In these examples you explicitly choose the knot locations for splines. One way to automatically choose the spline locations though is to start with many knots and then use a selection criteria to eliminate some (Marsh and Cormier 2001). This technique was used in Messner et al. (2005) to find when cities experienced crack related homicide booms. I don’t suggest this technique though, as you generally should not use model selection criteria and inference in one go.

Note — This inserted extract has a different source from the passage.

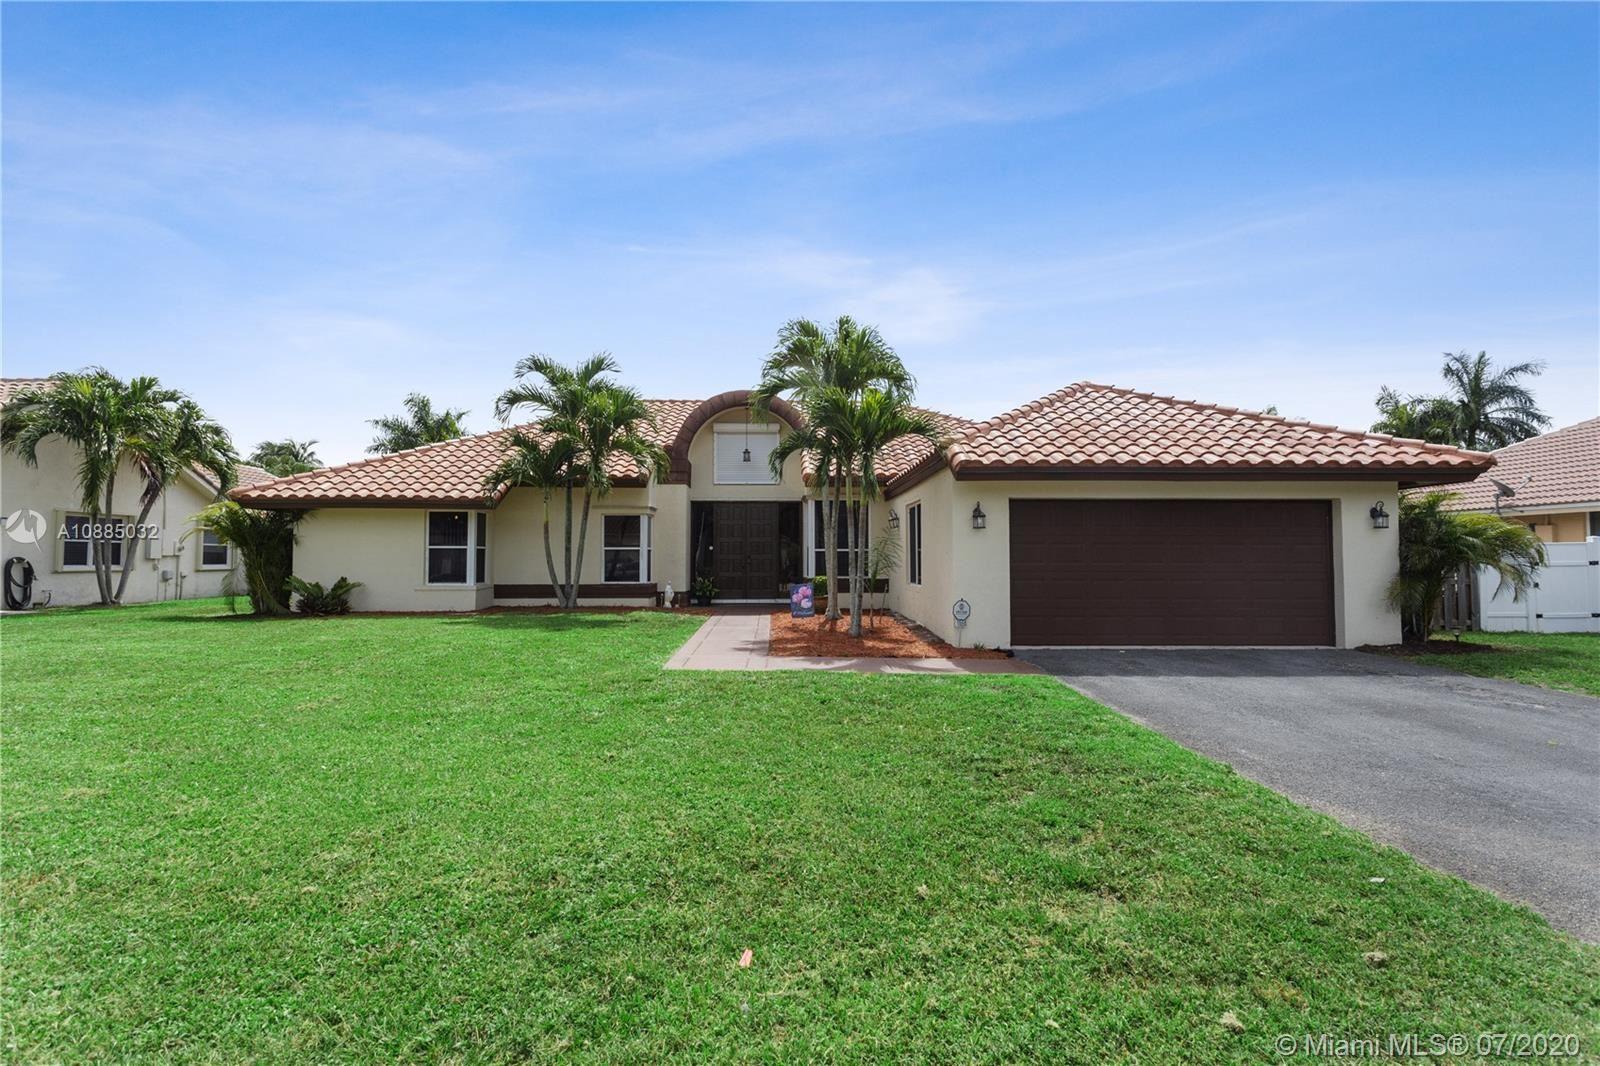 1550 SW 52nd Way, Plantation, FL 33317 - #: A10885032

A more efficient way to automatically select knot terms are to use shrinkage or cross-validation. These are the techniques used in the R package mgcv, written by Simon Wood. He has many articles on the topic, and so I would recommend his book, Wood (2017), if you are interested in identifying a non-linear function in a really automated fashion. Still I typically recommend just setting the knot locations at regular intervals along your independent variable.
Durrleman, Sylvain, and Richard Simon. 1989. “Flexible Regression Models with Cubic Splines.” Statistics in Medicine 8 (5): 551–61.
Harrell Jr, Frank E. 2015. Regression Modeling Strategies: With Applications to Linear Models, Logistic and Ordinal Regression, and Survival Analysis. Springer.
Liu, Siyu. 2015. “Is the Shape of the Age-Crime Curve Invariant by Sex? Evidence from a National Sample with Flexible Non-Parametric Modeling.” Journal of Quantitative Criminology 31 (1): 93–123.
Marsh, Lawrence C, and David R Cormier. 2001. Spline Regression Models. Sage.
Messner, Steven F, Glenn D Deane, Luc Anselin, and Benjamin Pearson-Nelson. 2005. “Locating the Vanguard in Rising and Falling Homicide Rates Across Us Cities.” Criminology 43 (3): 661–96.
Wheeler, Andrew P. 2017. “The Effect of 311 Calls for Service on Crime in d.C. at Microplaces.” Crime & Delinquency Online First.
Wood, S.N. 2017. Generalized Additive Models: An Introduction with R. 2nd ed. Chapman; Hall.